TransWikia.com

error in random forest analysis

Bioinformatics Asked on March 7, 2021

I am now struggling to do random forest analysis, I will be thankful if you could help with code for random forest analysis.

I got samples from the root, soil, and leaf from two regions (bau & mau) and these samples belong to two seasons (Wet and Dry).

Now I am interested to do random forest analysis at genera or family level to identify the taxa which contribute the differences like in root samples based on region as well as season.
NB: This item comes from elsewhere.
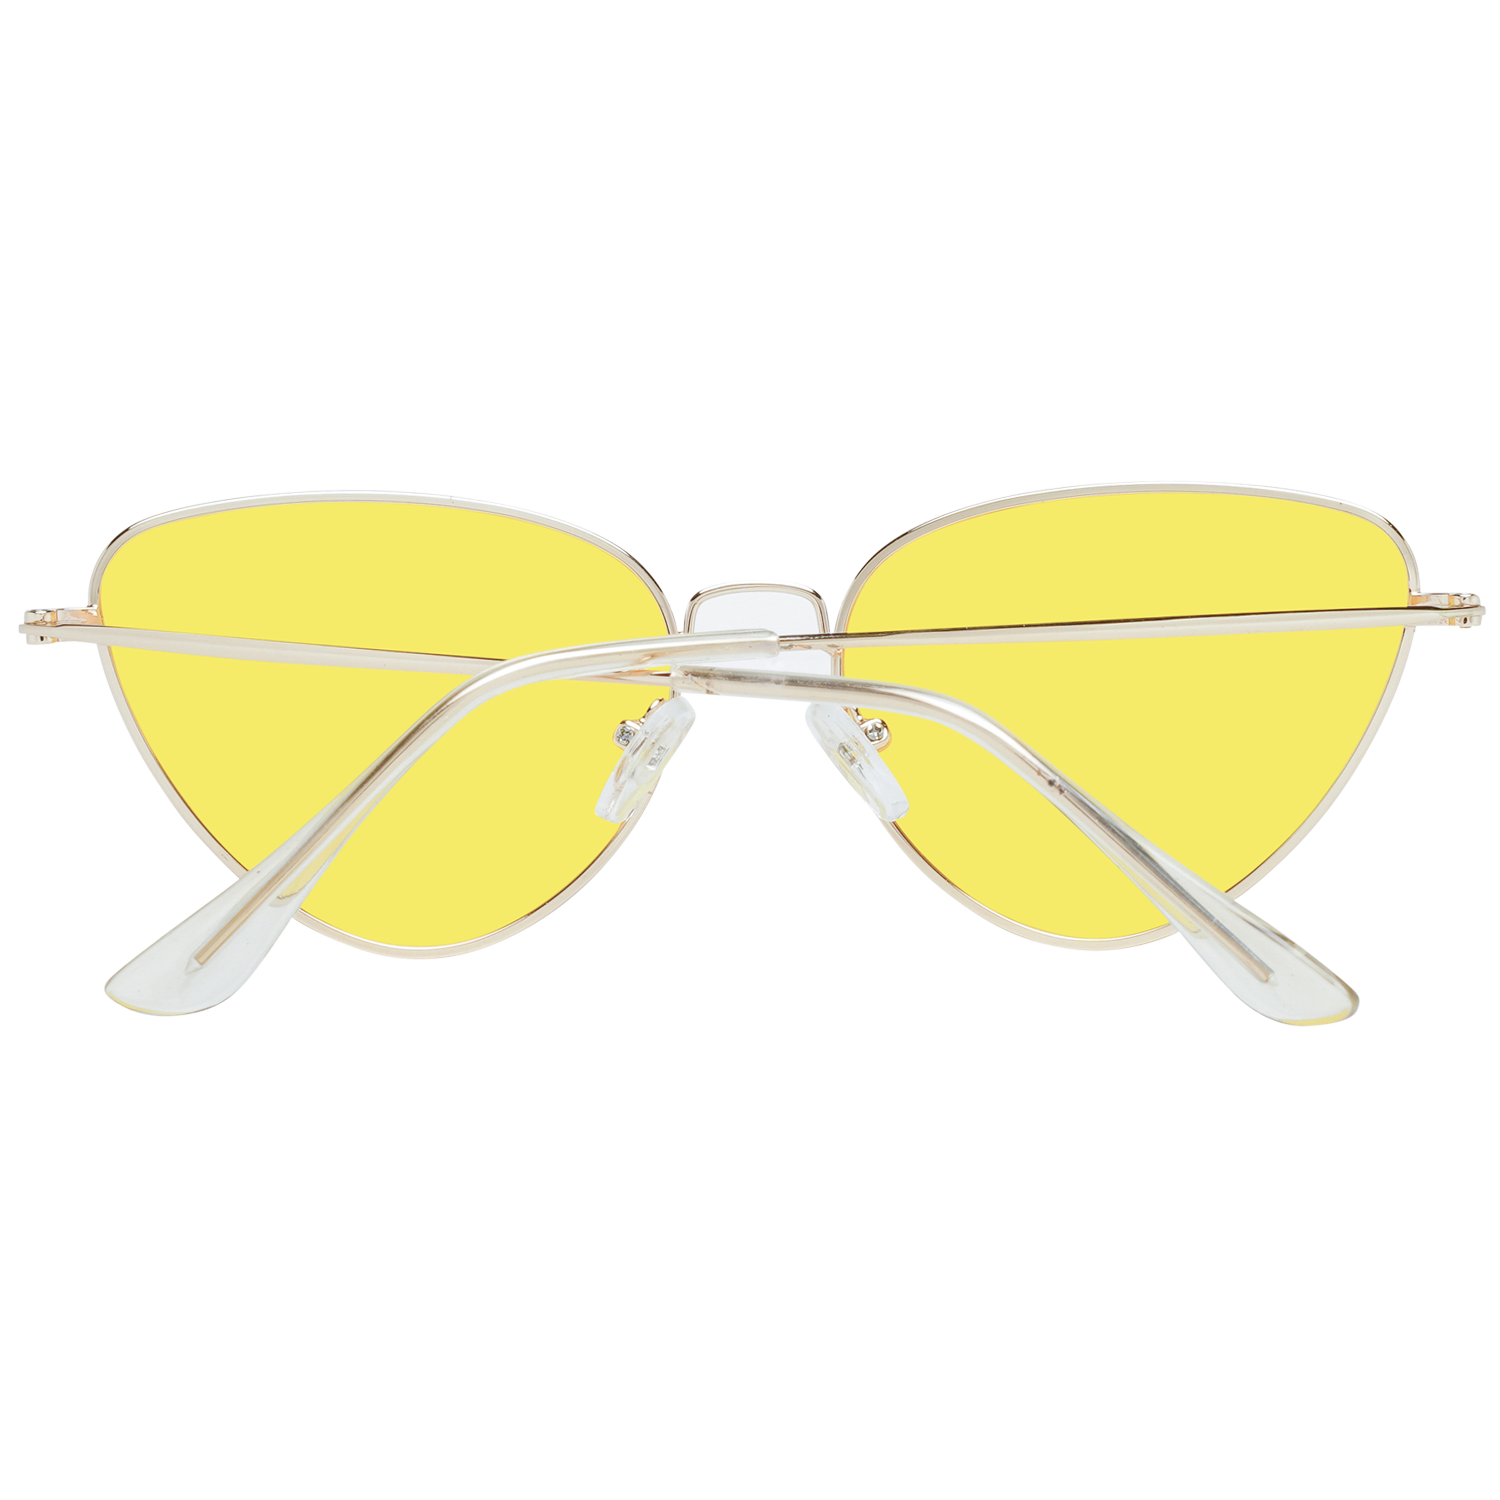 Millner Sunglasses Millner Sunglasses 0020604 Picadilly Eyeglasses Eyewear UK USA Australia

Here is my code, but I am getting the error.

    library(randomForest)
    library(knitr)
    
    
    
    
    
    #### RANDOM FOREST ANALYSIS #####
     #### Prepare data ####
     #Load OTU table
     OTU_table=t(read.table("asv.table.txt", row.names=1,sep="t", header=T, blank.lines.skip=F, check.names=F))
     table(apply(OTU_table,1,sum)) #verify rarefaction
    
     #Load metadata
     Meta=read.table("metadata.txt", header=T, row.names=1, stringsAsFactors=F, na.strings="NA",check.names=FALSE)
     Meta$sampleid=rownames(Meta)
    
     #Load taxonomy
     taxo=read.table("taxonomy.txt", row.names=1, sep="t", header=F ,stringsAsFactors=F,quote="")
     rownames(taxo)=paste("a.",row.names(taxo),sep="")
    
    
     #### Run models ####
     #1. Root only
     # 1.1. both region
     # 1.2. bau only
     # 1.3. mau only
     #2. Soil only
    # 2.1. both region
     # 2.2. bau only
     # 2.3. mau only
     #Params RF
     NTREE=1000 # Number of Trees
     NbVar=1000 # Number of variables tested at each split
    
    
     
    
     
     #### Root ONLY 1-3 ####

 # 1. BOTH Region

 #Subset of data
 RootSamples=as.character(Meta[Meta$Compartment=="Root","sampleid"])
 Root_OTU_table=OTU_table[RootSamples,]




 #Model with microbiome based on Season, region

whole_root_pred=data.frame(Season=Meta[RootSamples,"Season"],Region=Meta[RootSamples,"Region"],a=Root_OTU_table)
 
head(whole_root_pred)
     Season Region a.d2ec9f3b77975c0f457e4b7413b217ff
     a.3147790f0d5a78316fb9dd64f53b9473 a.97aecc1f35cc1f50db507ad71dd22367
     a.bfad6370d28182cc6304844e9bec7fb6 a.5fa2a987221a1d9ca416148570c18086 


    **RF_model_Root_all=randomForest(y=?,sampsize=c(143,143),strata=?,x=whole_Root_pred,importance = T,proximity = T,ntree =
    NTREE,mtry = NbVar)**

print(RF_model_Root_all)
     #plot summary using the 5% most important OTUs ERROR ON LAST LINE
     imp=data.frame(importance(RF_model_Root_all))
     imp$genus=as.character(taxo[rownames(imp),"Genus"])
     Best=imp[imp$MeanDecreaseAccuracy>quantile(x = imp$MeanDecreaseAccuracy,.95),]
     bymedian <- with(Best, reorder(genus, -MeanDecreaseAccuracy, median))
    
     pdf(width = 20,height = 10,file=paste(pathforplots,"Variable_Importance_Root_BothRegion_raref.pdf",sep=""))
     par(mar=c(15,5,1,1))
     boxplot(Best$MeanDecreaseAccuracy ~ bymedian, data = Best,
     xlab = "", ylab = "Variable Importance",
     main = paste("Root in Both Countries; Error Rate=",round(RF_model_Feces_all$err.rate[NTREE,"OOB"],3),sep=""), varwidth = TRUE,
     col = "lightgray",las=2)
    
    
     dev.off()

Many thanks

One Answer

This question will be a little hard to answer without more information.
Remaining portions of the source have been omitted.